Speaker
Description
The Compressed Baryonic Matter (CBM) experiment, located at the Facility for Antiproton and Ion Research (FAIR) accelerator complex in Darmstadt, Germany, aims to study the phase diagram of strongly interacting matter in the realm of high net baryon densities and moderate temperatures. The SIS-100 accelerator ring at FAIR produces accelerated beams up to the energies of about 30 GeV for protons, and 12A GeV for heavy ions. The identification of muon pairs produced via the decay of vector mesons has been identified as one of the most significant physics observable for characterizing the hot and dense matter created in the collisions. The Muon Chamber (MuCh) detector system is being built to identify the muon pairs in a background mostly populated by muons from weak decay of pions and kaons produced in the collisions.

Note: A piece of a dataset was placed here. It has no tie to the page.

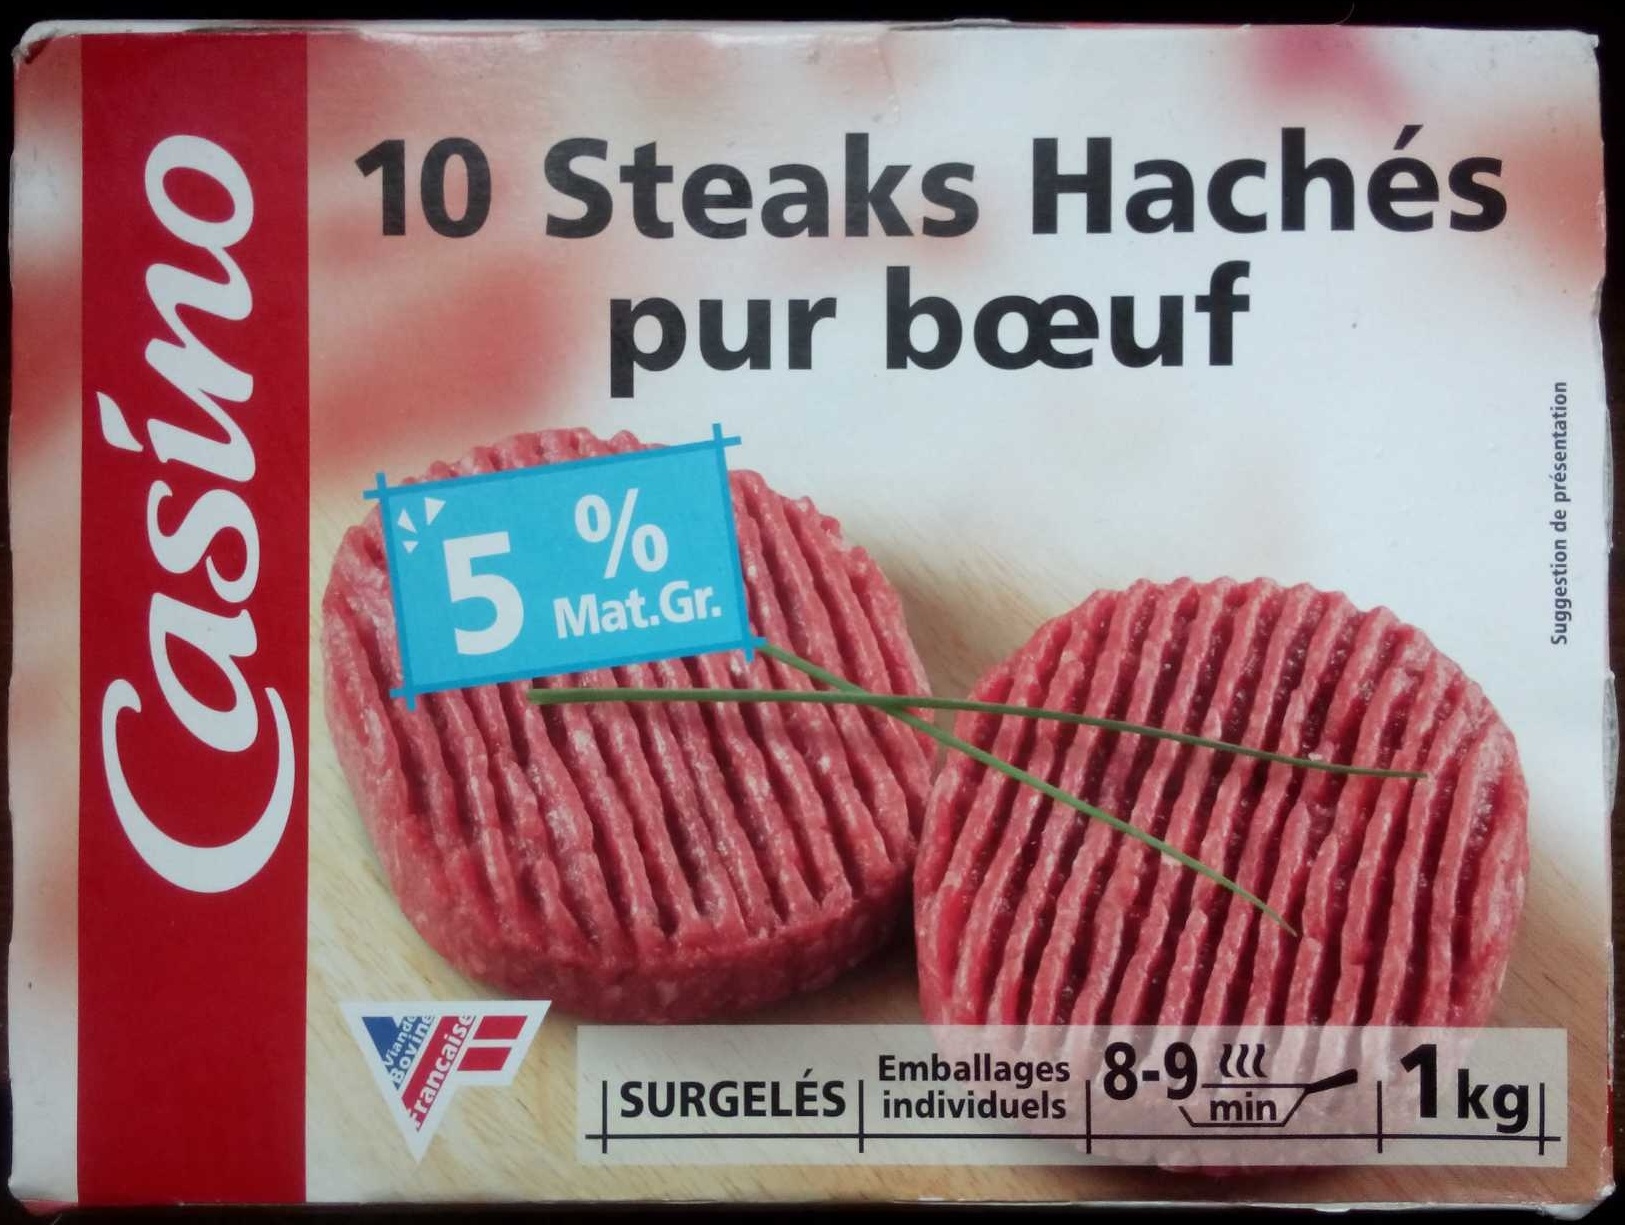 10 Steaks hachés Pur boeuf - 5% Mat. Gr. - Product - fr

We will report our present simulation results on the physics performance for the reconstruction of low mass vector mesons in central Au+Au collisions at the beam energy 8A GeV using various machine learning models and compare the results with the traditional dimuon analysis. We treated the decay of low-mass vector mesons into dimuons as our signal simulated using the PLUTO event generator and incorporated into background events generated by the UrQMD event generator passing through the MuCh detector system. The performance of the different machine learning algorithms to improve the reconstruction efficiency (ϵ) without compromising the Signal-to-Background ratio (S/B) will be reported. A comparison with the conventional dimuon analysis software will also be presented.